Дословный перевод Лесного Царя Гёте.

Кто так поздно скачет сквозь ветер и ночь? Это отец с ребёнком. Он крепко прижал к себе мальчика, ребёнку у отца покойно, ребёнку у отца тепло. – Мой сын, что ты так робко прячешь лицо? – Отец, ты не видишь Лесного Царя? Лесного Царя в короне и с хвостом? – Сын мой, это полоса тумана! – Милое дитя, иди ко мне, иди со мной! Я буду играть с тобой в чудные игры. На побережье моём – много пестрых цветов, у моей матери – много золотых одежд! – Отец, отец, неужели ты не слышишь, что Лесной Царь мне шёпотом обещает? – Успокойся, мой сын, не бойся, мой сын, в сухой листве – ветер шуршит. – Хочешь, нежный мальчик, идти со мной? Мои дочери чудно тебя будут нянчить, мои дочери ведут ночной хоровод, – убаюкают, упляшут, упоют тебя. – Отец, отец, неужели ты не видишь – там, в этой мрачной тьме, Лесного Царя дочерей? – Мой сын, мой сын, я в точности вижу: то старые ивы так серо светятся… – Я люблю тебя, меня уязвляет твоя красота! Не хочешь охотой – силой возьму! – Отец, отец, вот он меня схватил! Лесной Царь мне сделал больно! – Отцу жутко, он быстро скачет, он держит в объятьях стонущее дитя, доскакал до двора с трудом, через силу – ребёнок в его руках был мёртв…

Уже с первой строфы (у Жуковского) мы видим то, чего у Гёте не видим: ездок дан стариком, ребёнок издрогшим, что сразу наводит нас на мысль, что сам Лесной Царь бред, чего нет у Гёте, у которого ребёнок дрожит от достоверности Лесного Царя. (Увидел оттого, что дрожит – задрожал оттого, что увидел.) Так же изменён и жест отца, у Гёте ребёнка держащего крепко в тепле, у Жуковского согревающего его в ответ на дрожь…

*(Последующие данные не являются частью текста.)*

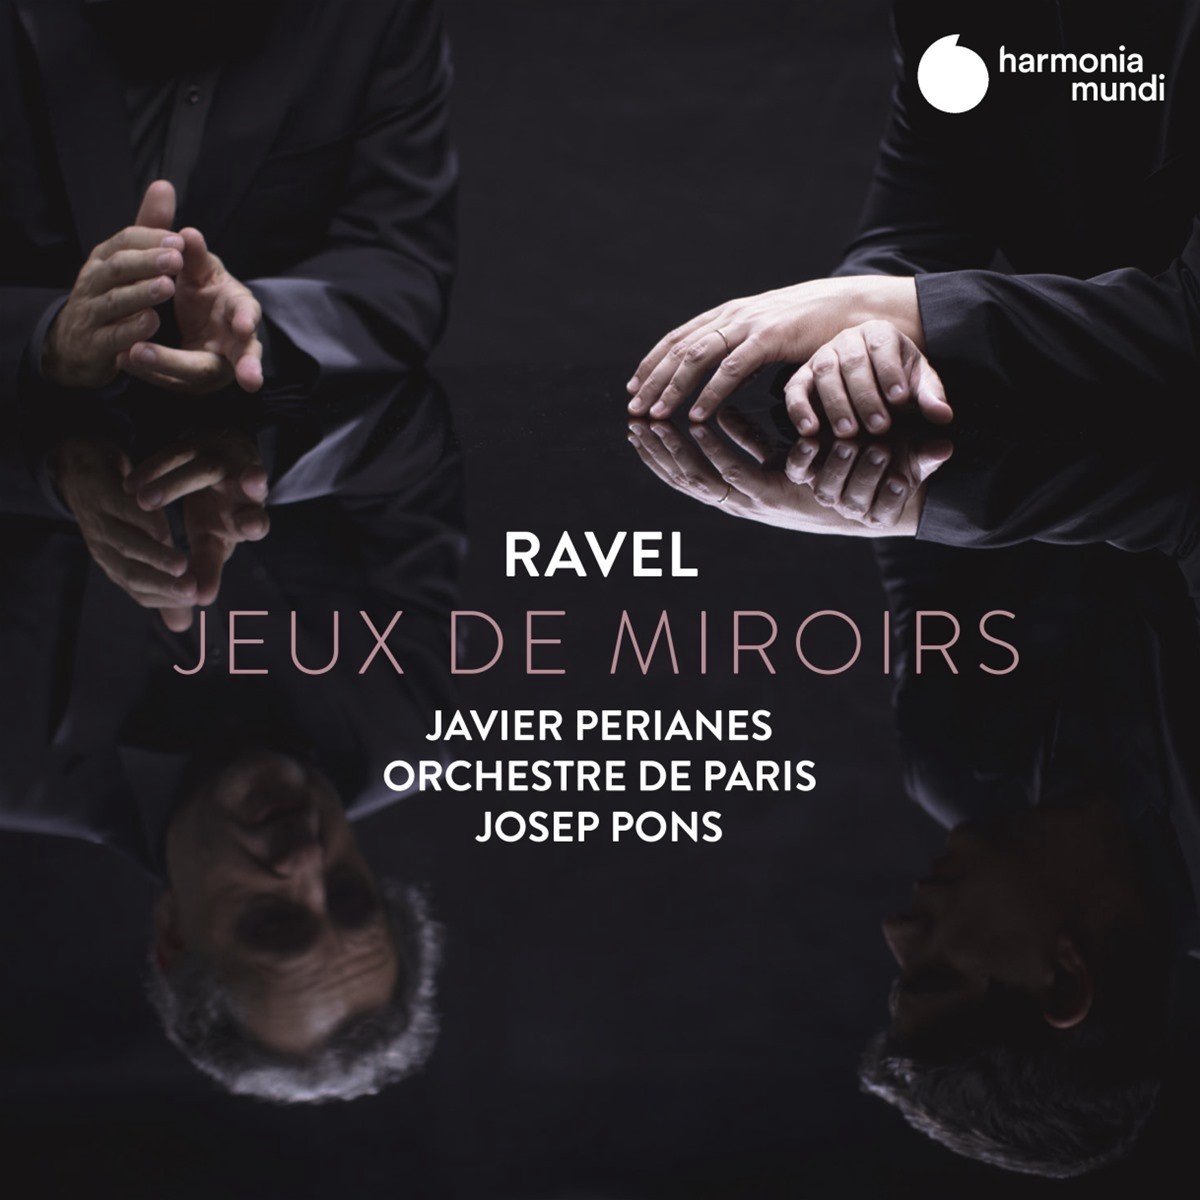 Ravel: Jeux de miroirs | Maurice Ravel, Orchestre de Paris, Javier Perianes
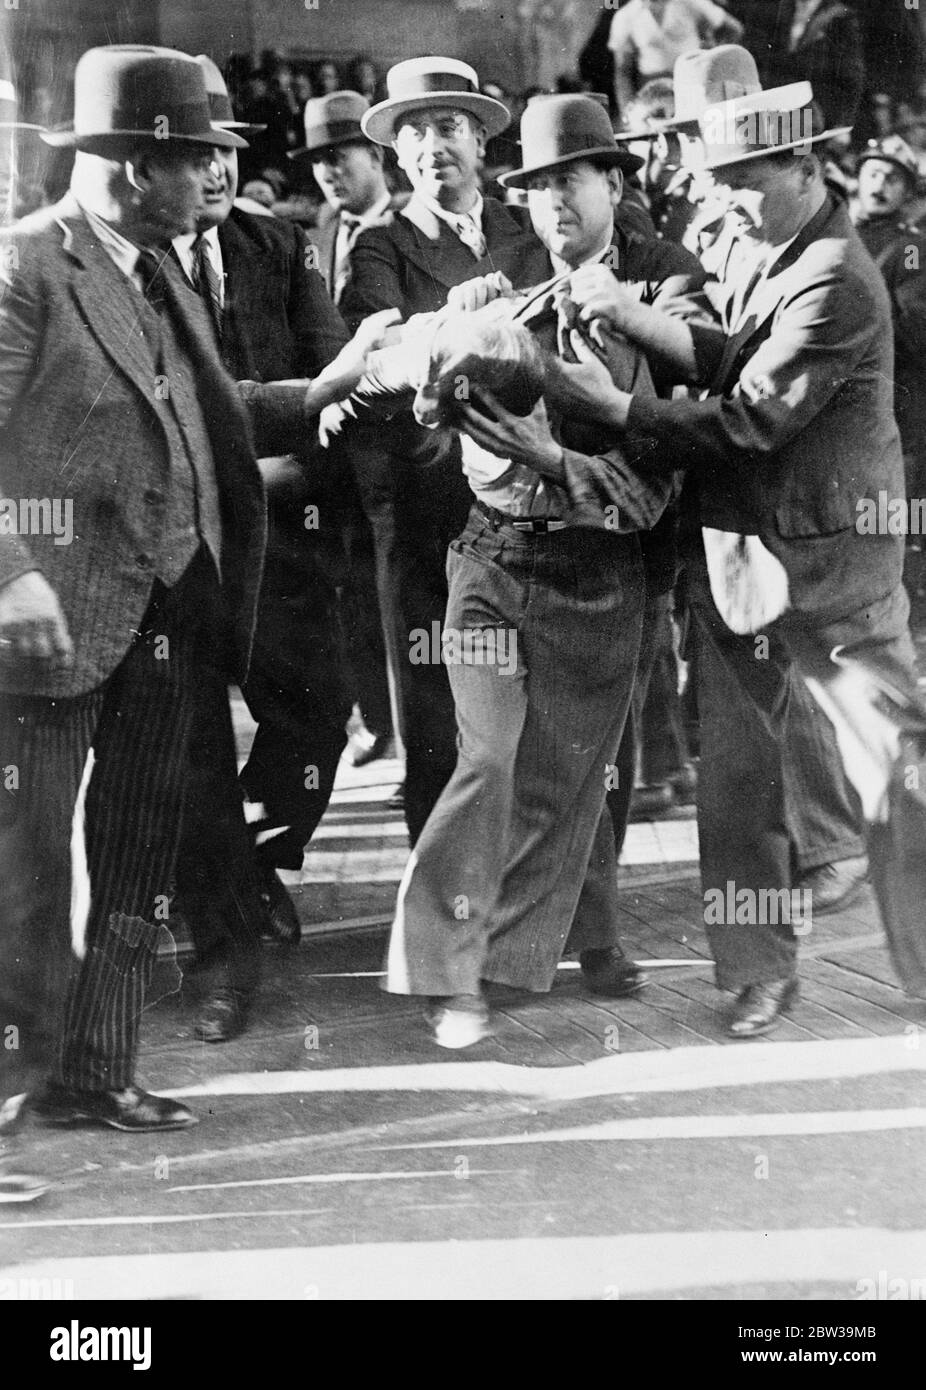 Más de mil arrestos en París contra los disturbios por corte salarial - policía en feroces batallas con manifestantes. Un manifestante detenido que lucha por liberarse en el Boulevard Haussmann . 20 de julio de 1935 Foto de stock

Первое видение Лесного Царя, из уст ребёнка, описательно: «Родимый! Лесной Царь в глаза мне сверкнул!» – тогда как у Гёте («Разве ты не видишь Лесного Царя?») – императивно 1 , гипнотично, – ребёнок не может себе представить, чтобы этого можно было не видеть, внушает Царя отцу… У Жуковского – пересказ видения, у Гёте – оно само… У Жуковского ребёнок погибает от страха. У Гёте от Лесного Царя. У Жуковского – просто. Ребёнок испугался, отец не сумел успокоить, ребёнку показалось, что его схватили (может быть, ветка хлестнула), и из-за всего этого показавшегося ребёнок достоверно умер. Один только раз, в самом конце, точно усомнившись, Жуковский передаёт своё благоразумие – одним только словом: «Ездок оробелый…» но тут же, сам оробев, минует.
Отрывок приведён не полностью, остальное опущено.